12) Lepper C, Partridge TA, Fan C-M. An absolute requirement for Pax7-positive satellite cells in acute injury-induced skeletal muscle regeneration. Development 2011; 138: 3639-3646. http://dev.biologists.org/content/138/17/3639.full

This study concluded that Pax7 must be expressed in satellite cells in order for regenerative myogenesis to occur. This study indicates the critical nature of Pax7 to regeneration of damaged skeletal muscle tissue.

13) Le Grand F, Grifone R, Mourikis P, Houbron C, Gigaud C, Pujol J, Maillet M, Pagès G, Rudnicki M, Tajbakhsh S, Maire P. Six1 regulates stem cell repair potential and self-renewal during skeletal muscle regeneration. JCB 2012; 198: 815-832. http://jcb.rupress.org/content/198/5/815.full

This study found that the homeodomain transcription factor Six1 controlled transcription of MyoD, Myogenin, and Dusp6 which have already been linked to skeletal muscle regeneration. Therefore, the Six1 homeoproteins regulate both the regeneration of damaged skeletal muscle tissue and the maintenance of muscle stem cell populations.

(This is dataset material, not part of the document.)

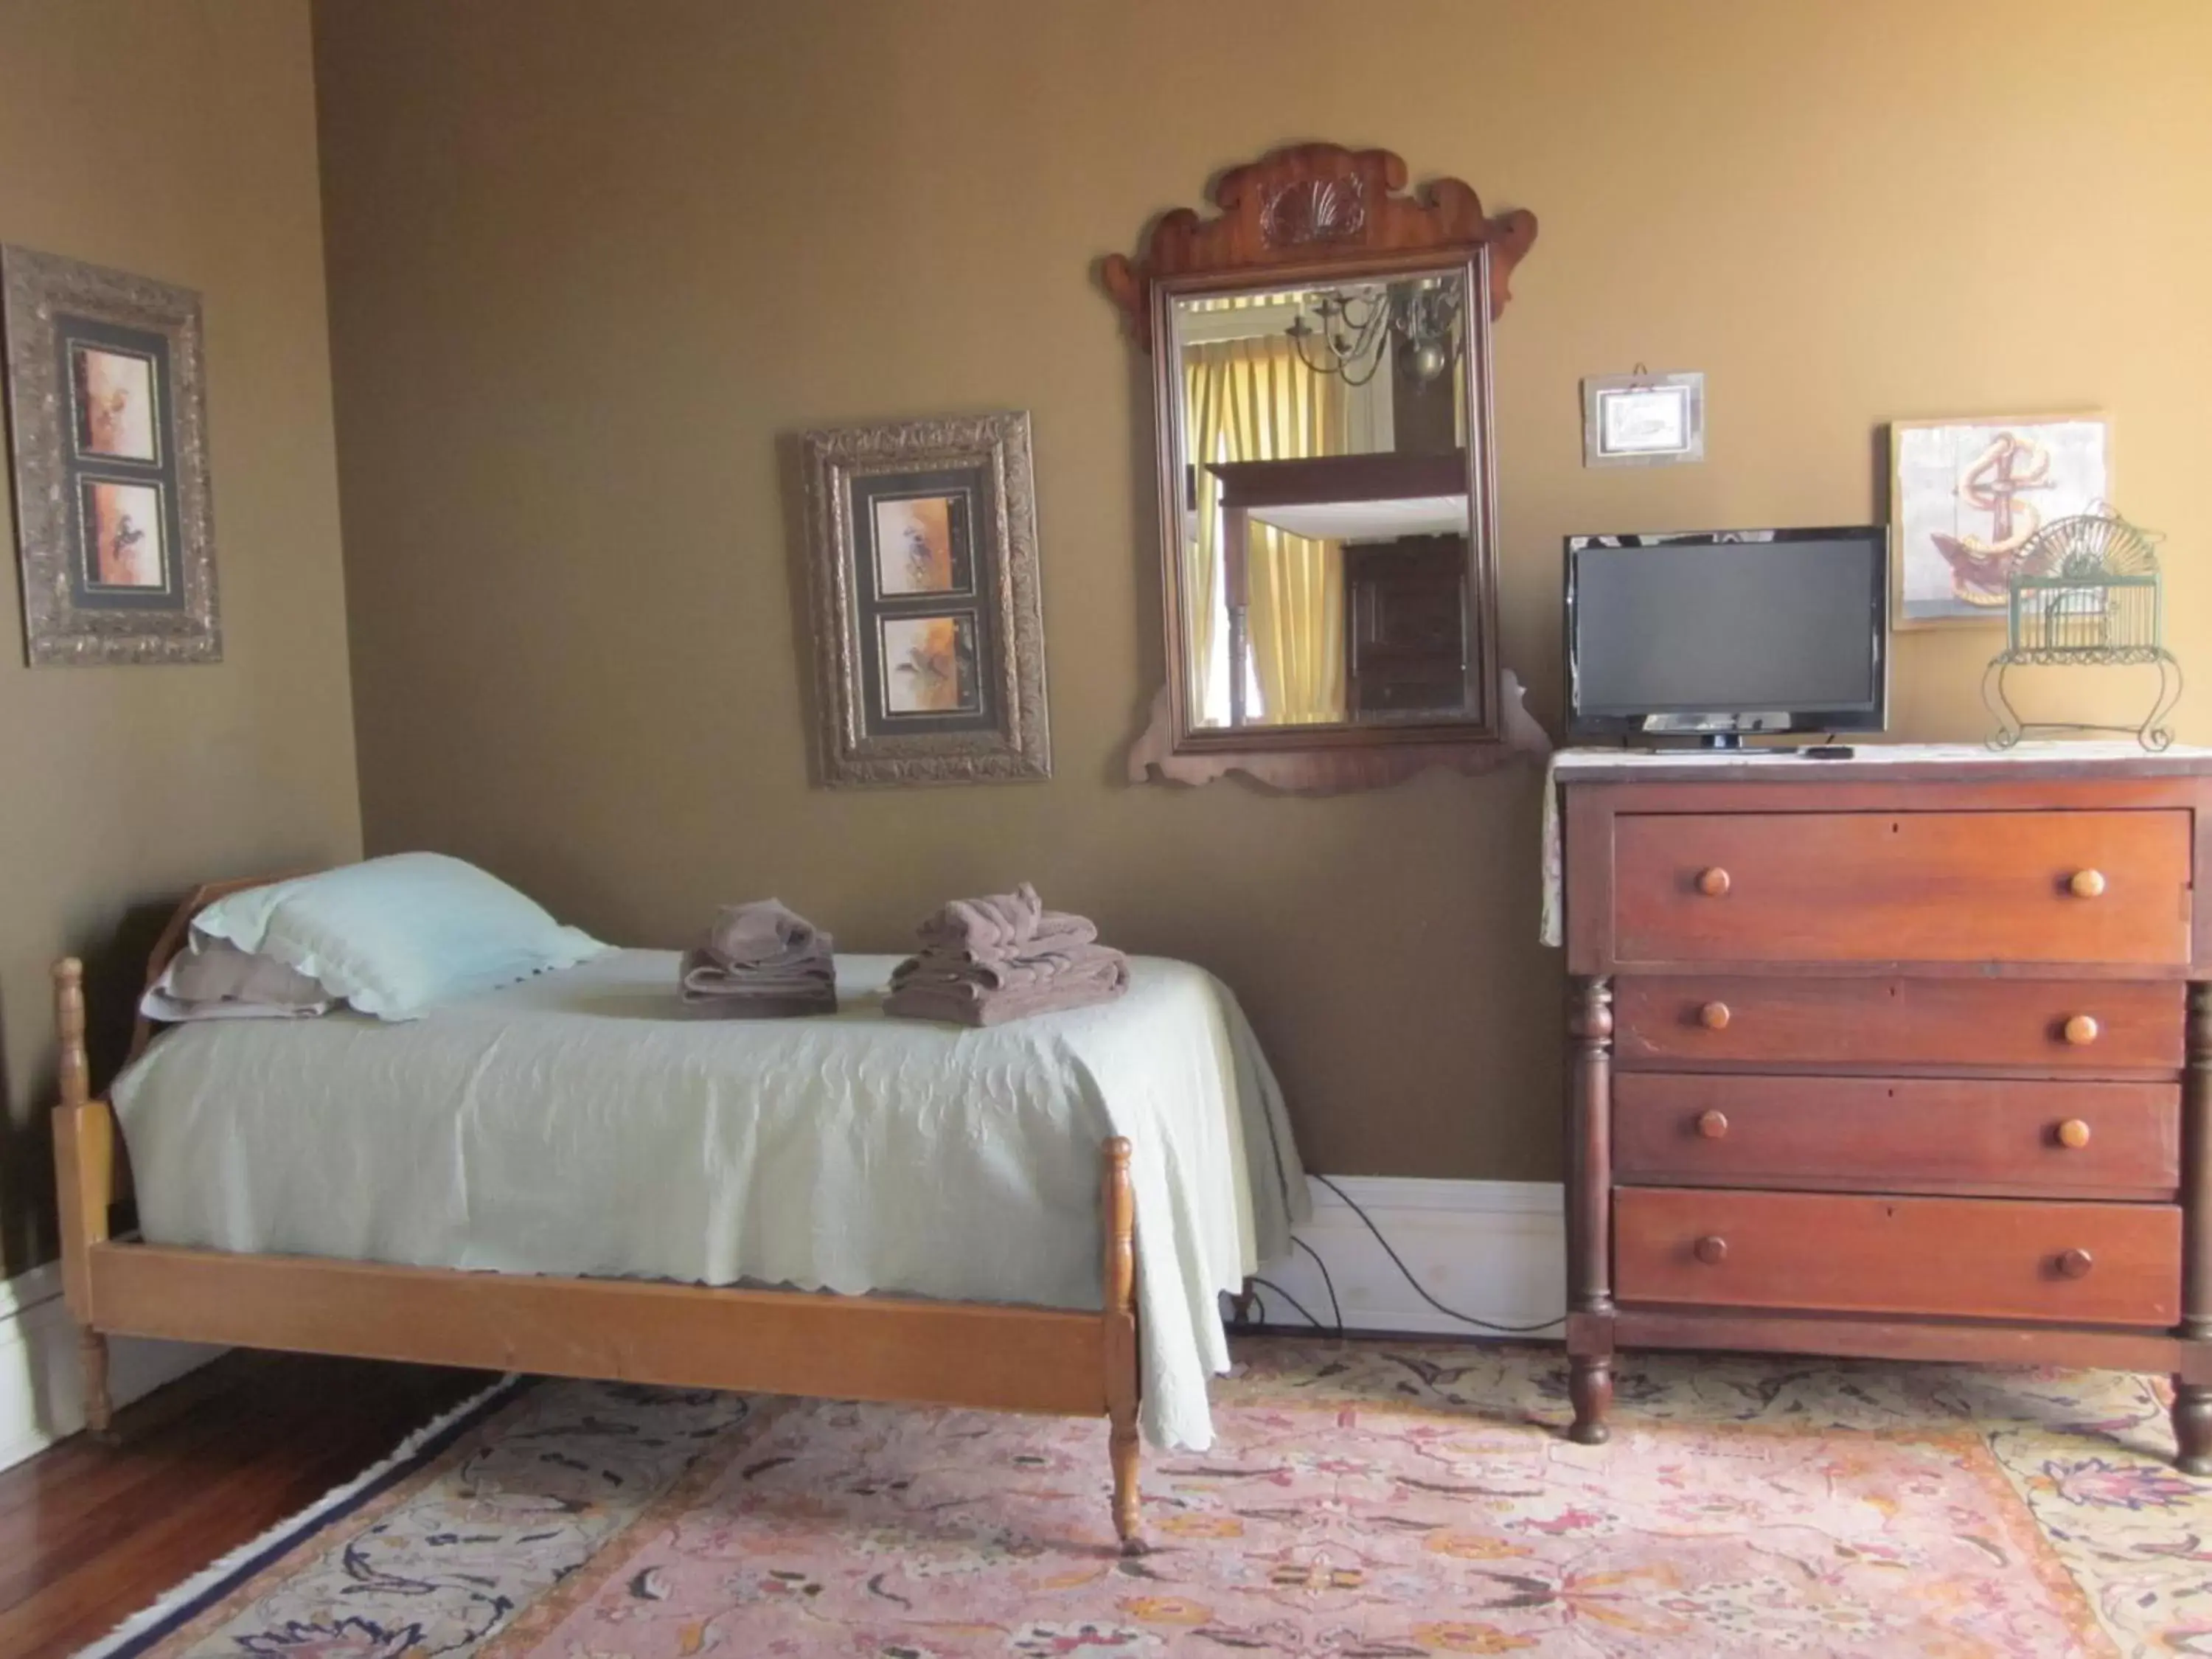 Bed, Room Photo in Baer House Inn
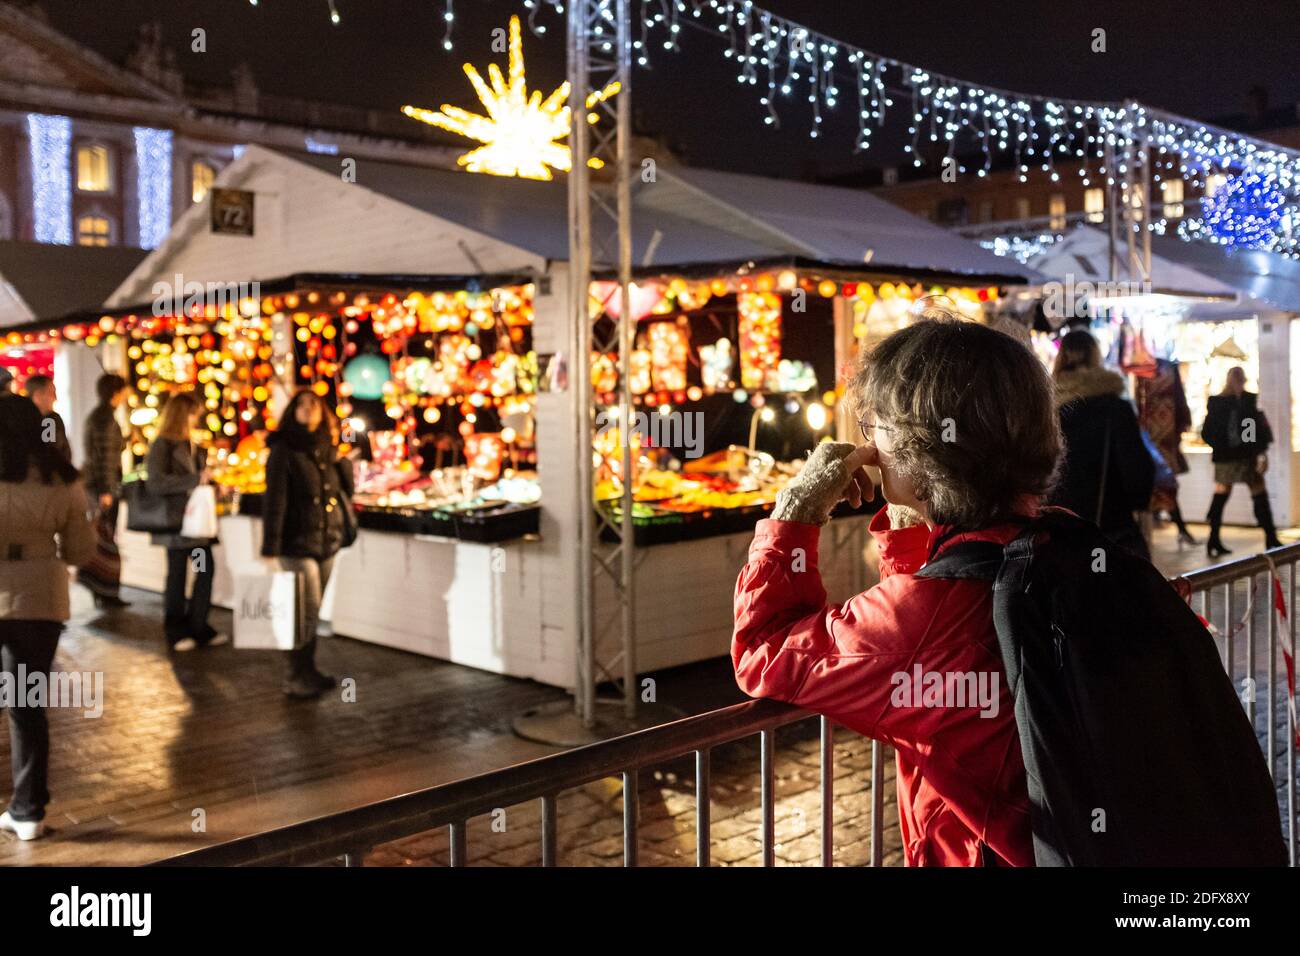 A la fin de l'année, le marché traditionnel de Noël de Toulouse (France) est situé sur la place du Capitole. Après l'attaque terroriste à Strasbourg, le système de sécurité est renforcé : perquisitions de sacs à l'entrée, blocs anti-intrusion de véhicules, patrouilles de l'armée (dispositif de Vigipirate) et officiers de police. Photo de Patrick Batard/ABACAPRESS.COM Banque D'Images

14) Charge SBP, Rudnicki MA. Cellular and Molecular Regulation of Muscle Regeneration. APS 2004; 84: 209-238. http://physrev.physiology.org/content/84/1/209.full

This paper summarizes the differentiation of skeletal muscle in normal development and native regeneration. In development, the upregulation of the transcriptional activators MyoD and Myf5 is required for the differentiation of stem cells into muscle cells. The proteins Myogenin, MRF4, myosin heavy chain (MHC), and muscle creatine kinase (MCK) are produced later in embryonic development and are necessary for viable muscle tissue. Of muscle regeneration, the paper identifies these key goals: regeneration of the myofibers, revascularization, reinnervation, and reconstitution of the extracellular matrix. The paper also identifies that after an injury, muscle first undergoes degeneration, which stimulates regeneration. The paper identified many key factors that regulated muscle regeneration. Of particular interest are HGF and IGFs. Hepatocyte Growth Factor (HGF) promotes satellite cell differentiation and migration to site of injury. Insulin-like Growth Factors (IGFs) are implicated in satellite cell differentiation, cell hypertrophy (growth due to cytoplasma increase), and reinnervation.

Notes

• This research proposal is a class project for the Laboratory Fundamentals of Biological Engineering (20.109) class at the Massachusetts Institute of Technology taught in Spring 2014.